12
Apr 20

Maintenance day

Cold wet Sunday so time to tackle a few bits and pieces in the shed that have been hanging about a while. Like mounting two magnetic strips on the inside of the door because I’ve run out of wall space for things, and epoxying some handles I turned onto the saw files.

Larger tasks though involved a cardboard box that’s been eating bench space for the last few weeks. The little bandsaw that’s earned its spot in the shed over the last year or two came with a “fence”. Said “fence” followed the adage of doing one thing and doing it well, but unfortunately that one thing was weighing down a bin bag. It definitely was too cool to be square, daddy-o. But there are after-market fences (meaning we couldn’t make it well for the money, so give us more money and we can do it right). Peter Millard did a video on fitting one to his Titan bandsaw a while ago:

So I bought one… six months ago… so it’s aged enough to do something with it now. I’d made some spacers already.

They’re cut to odd sizes because I need to epoxy them under the table so that the fence’s rail has something flat across the base to be clamped to, and the underside of this table is very irregular.

Some five-minute epoxy and a few clamps and it’s time for a cup of coffee.

And I’m stealing Peter’s trick of leaving the mixing stick to be glued to the mixing board so I can check on the epoxy bond without testing the real bonds.

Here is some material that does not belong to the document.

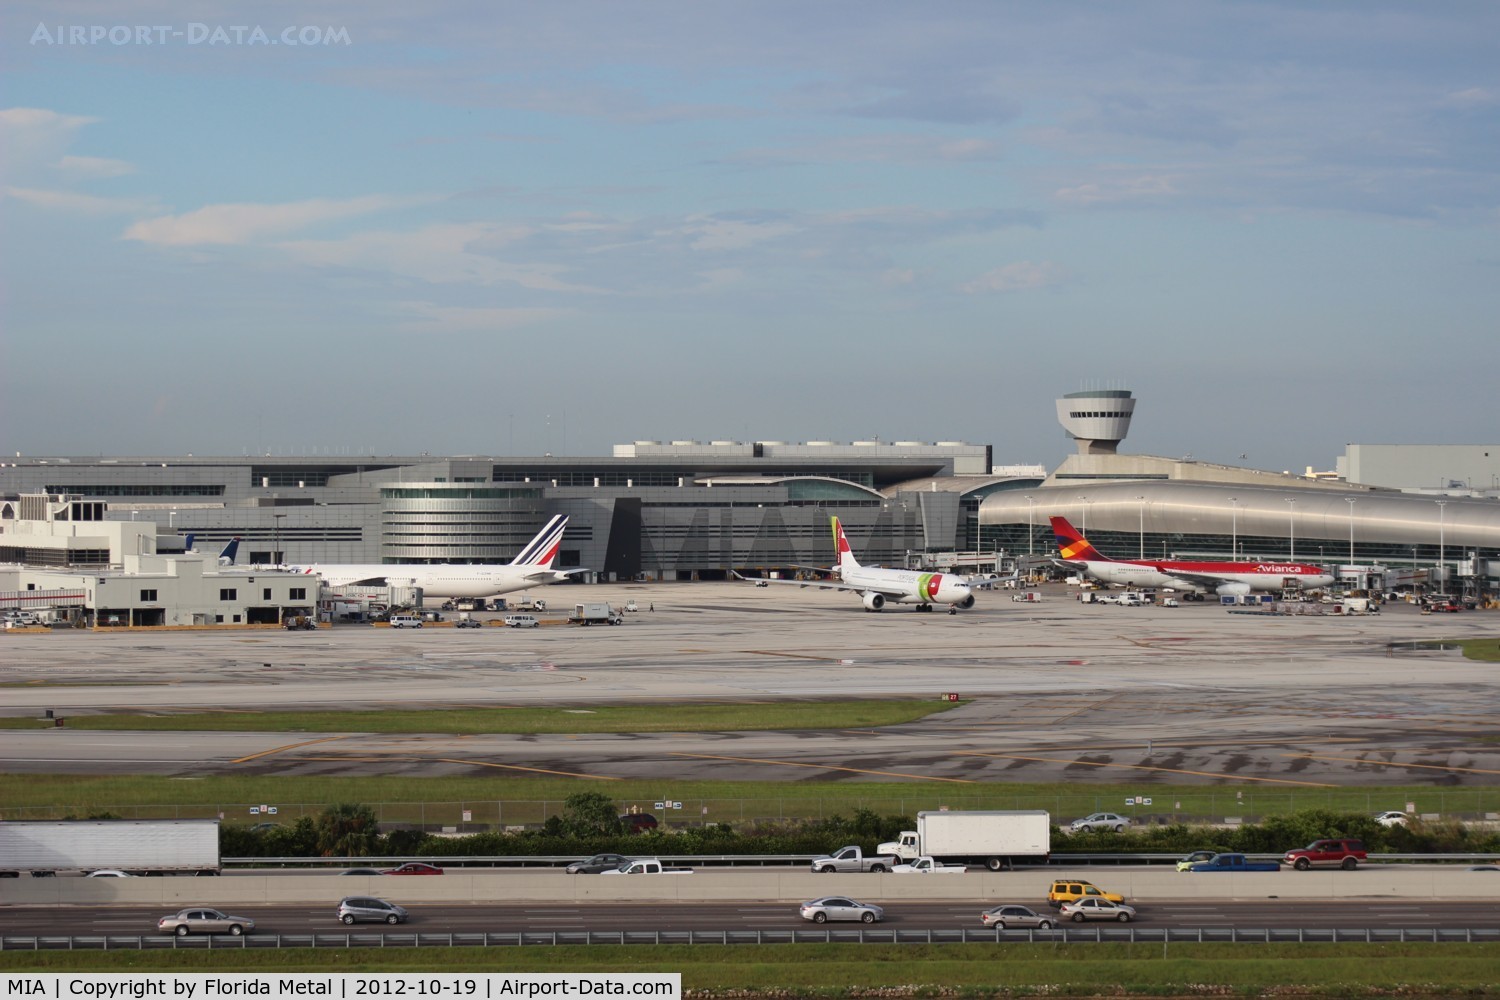 Miami International Airport (MIA) - TAP Air Portugal pulling out of the gate between Air France and Avianca

A half-hour of coffee and searching for various bits in the house unsuccessfully (I know I bought an LED floodlight for use in the shed only four years ago, it has to be here somewhere) later, I marked out the depth of the bit of the fence you’re to drill through on the table and then drilled three holes for mounting bolts, two in the right place and one spare in case I need another hole later on.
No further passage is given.